═════ Given information ═════

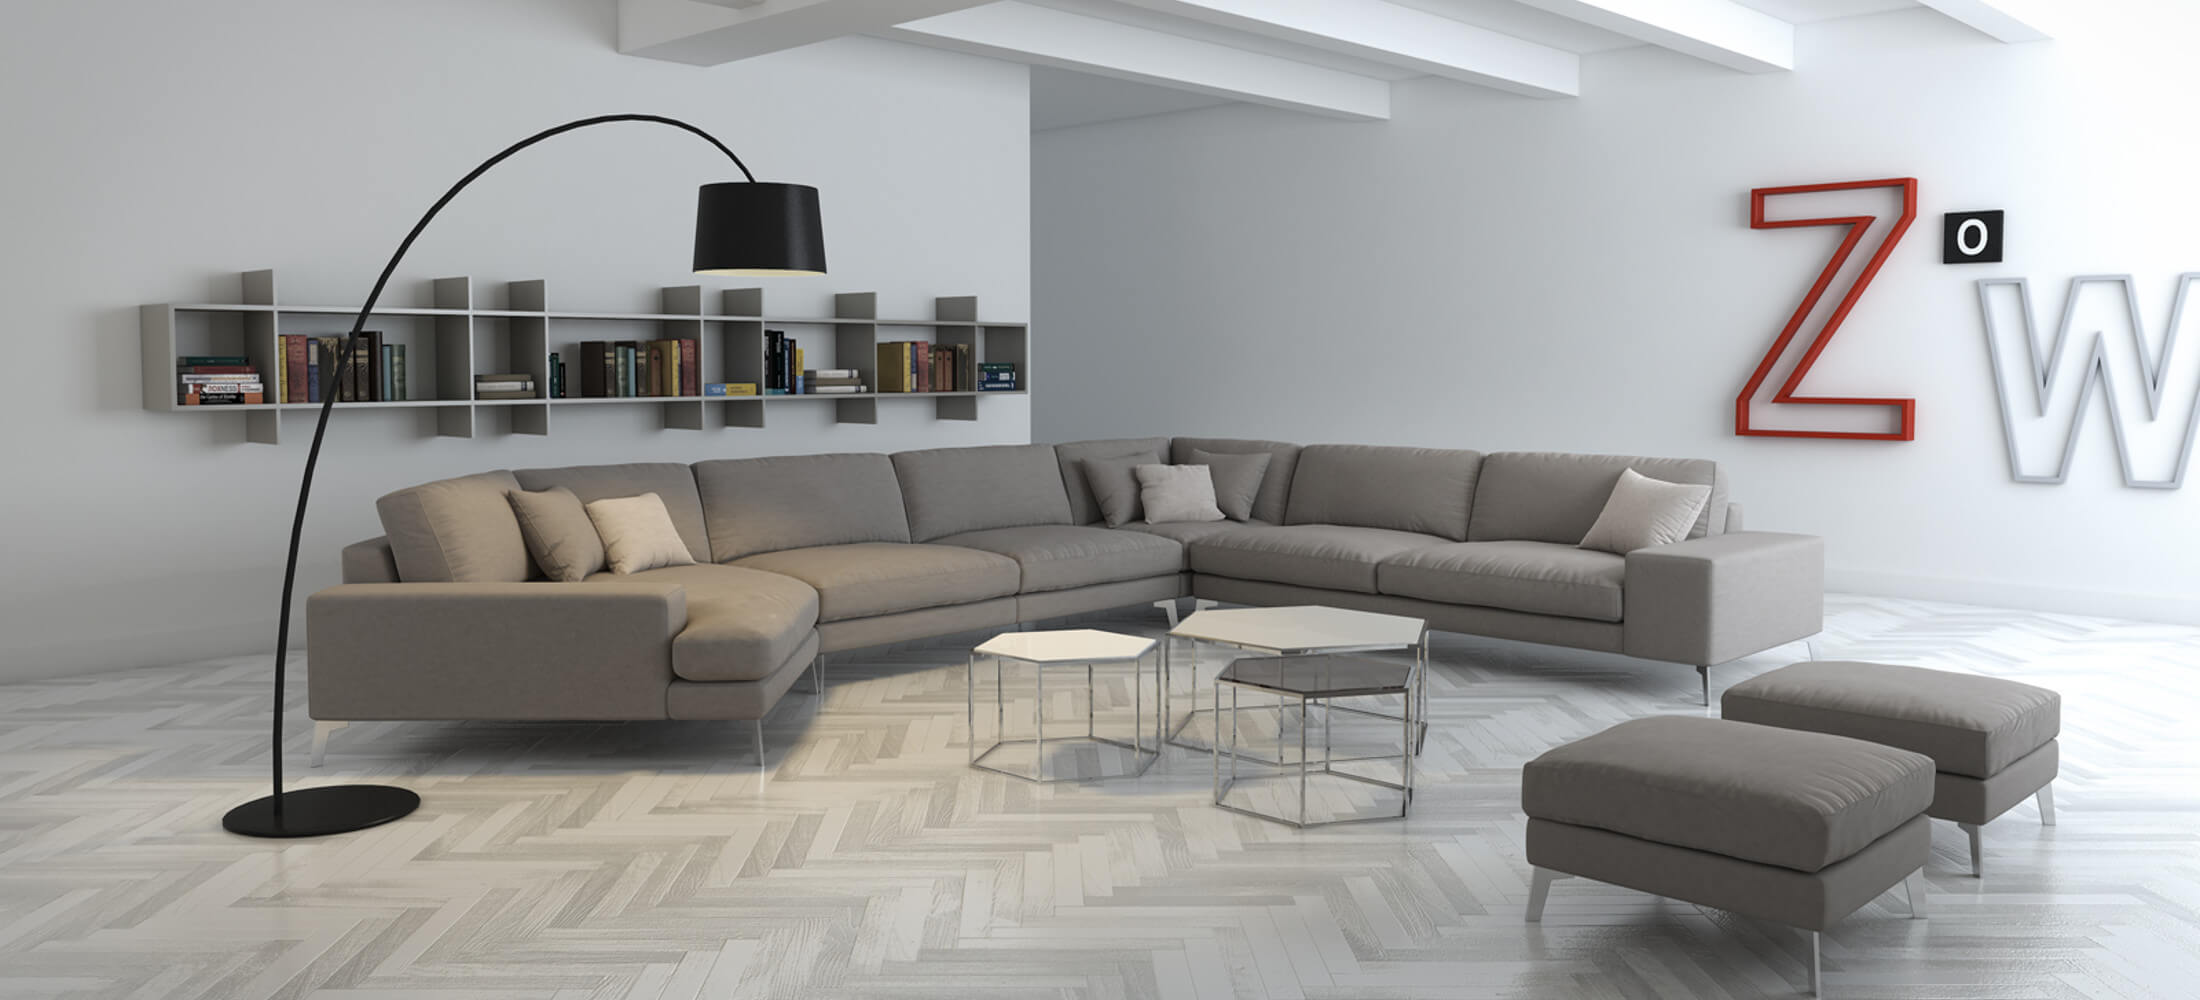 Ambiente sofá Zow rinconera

═════
═════ Given information ═════

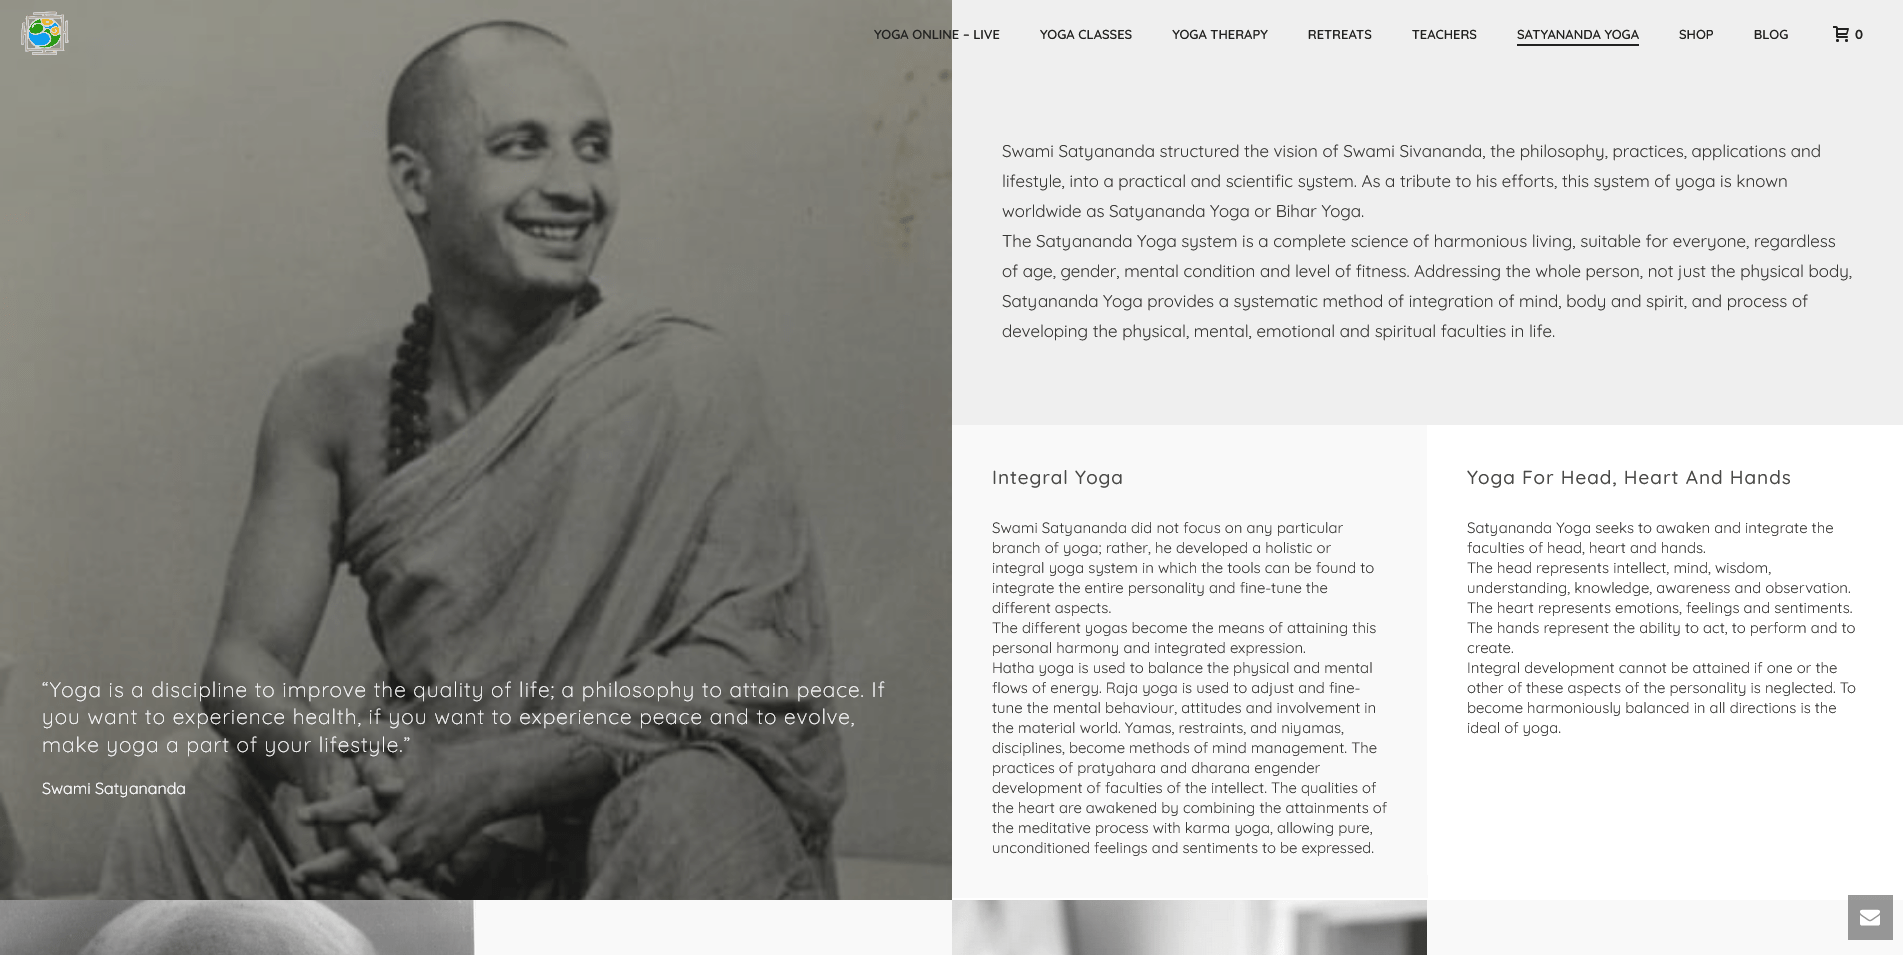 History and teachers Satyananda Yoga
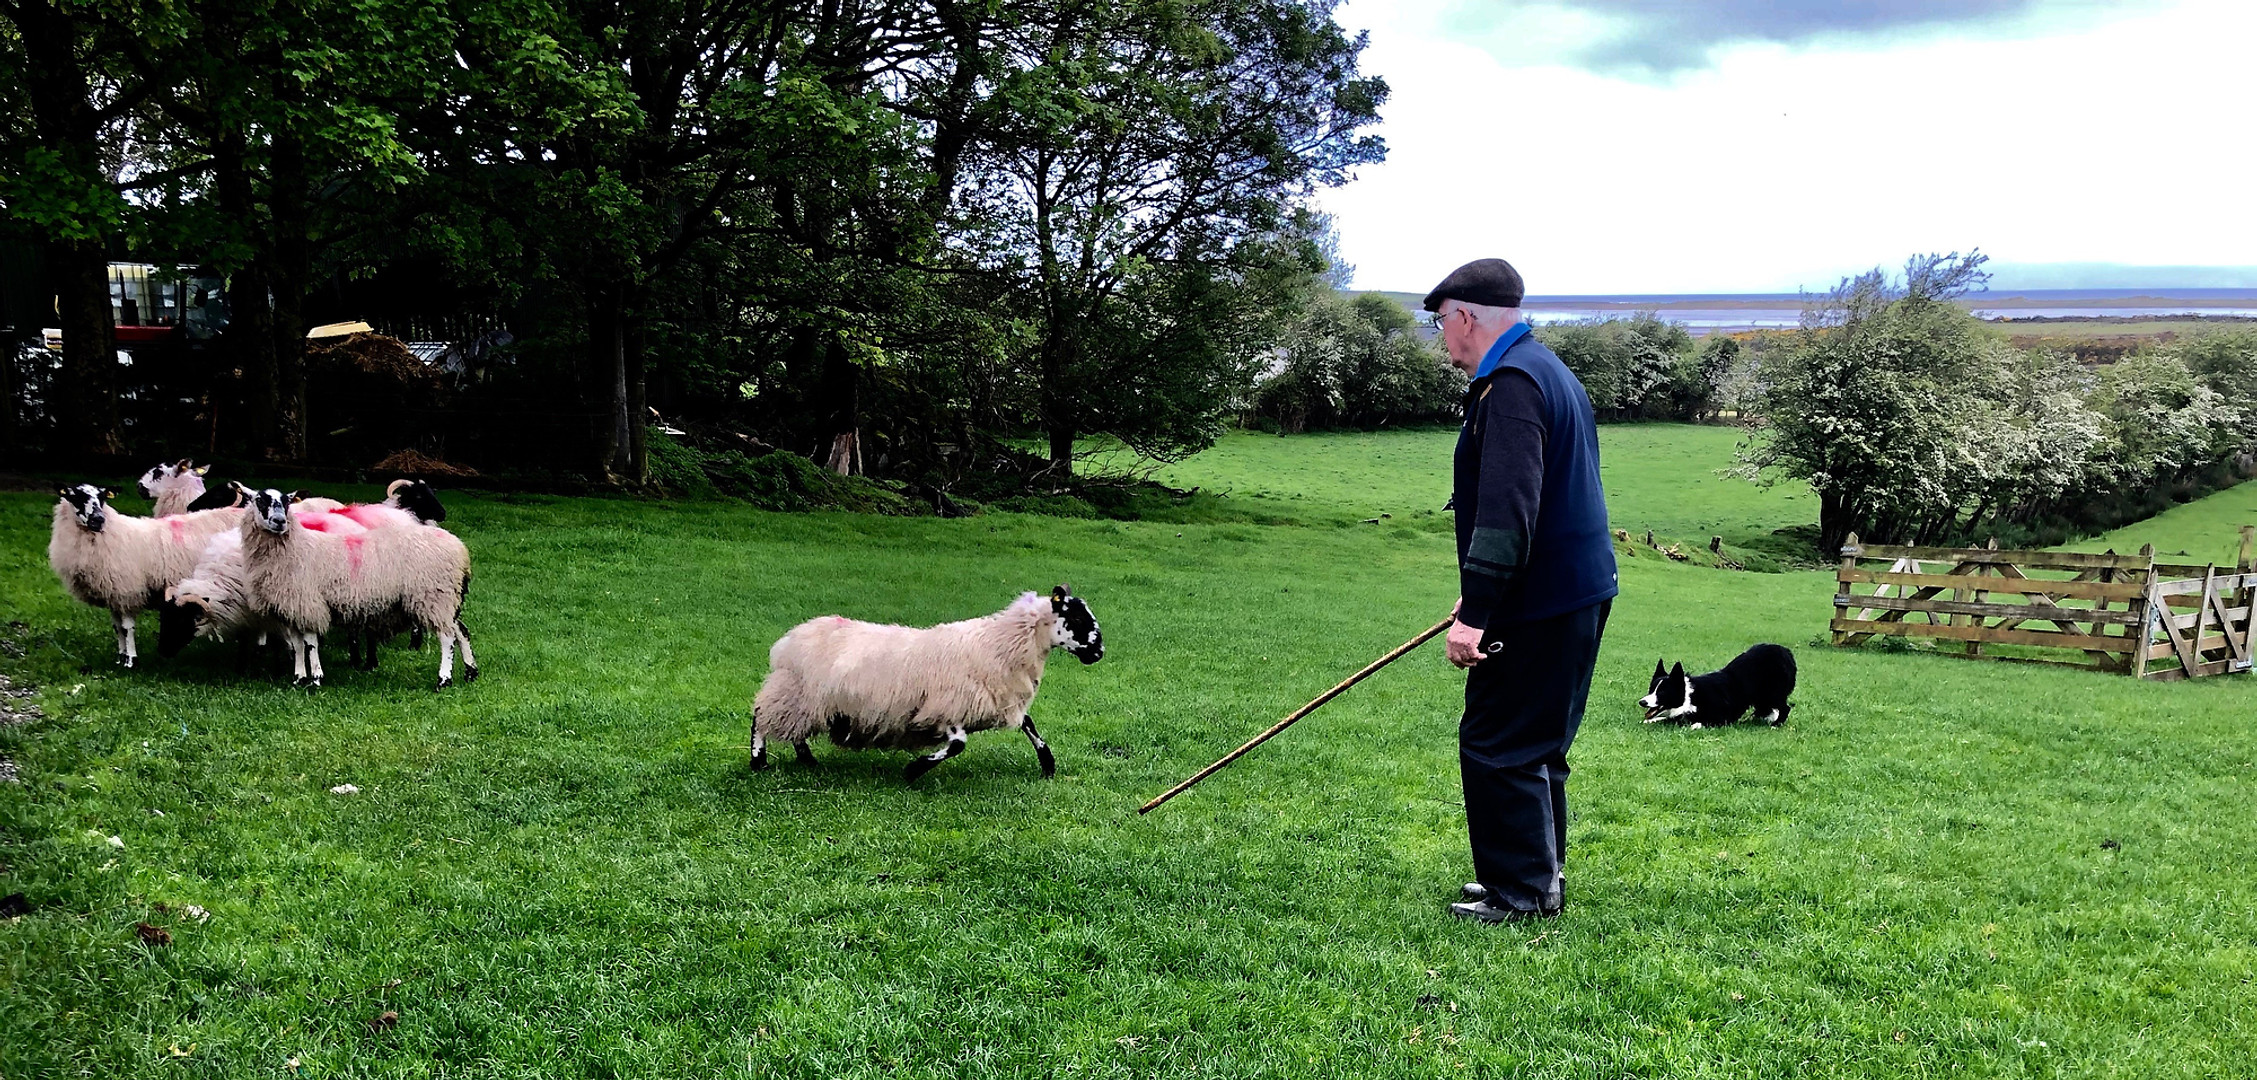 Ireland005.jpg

═════

What this task involves ->
In the entries above, find the line with "History and teachers Satyananda Yoga" and the line with "Ireland005.jpg". Write out exactly those two lines and every line between them, pictures excluded.

Output of the task ->
 History and teachers Satyananda Yoga
 Ireland005.jpg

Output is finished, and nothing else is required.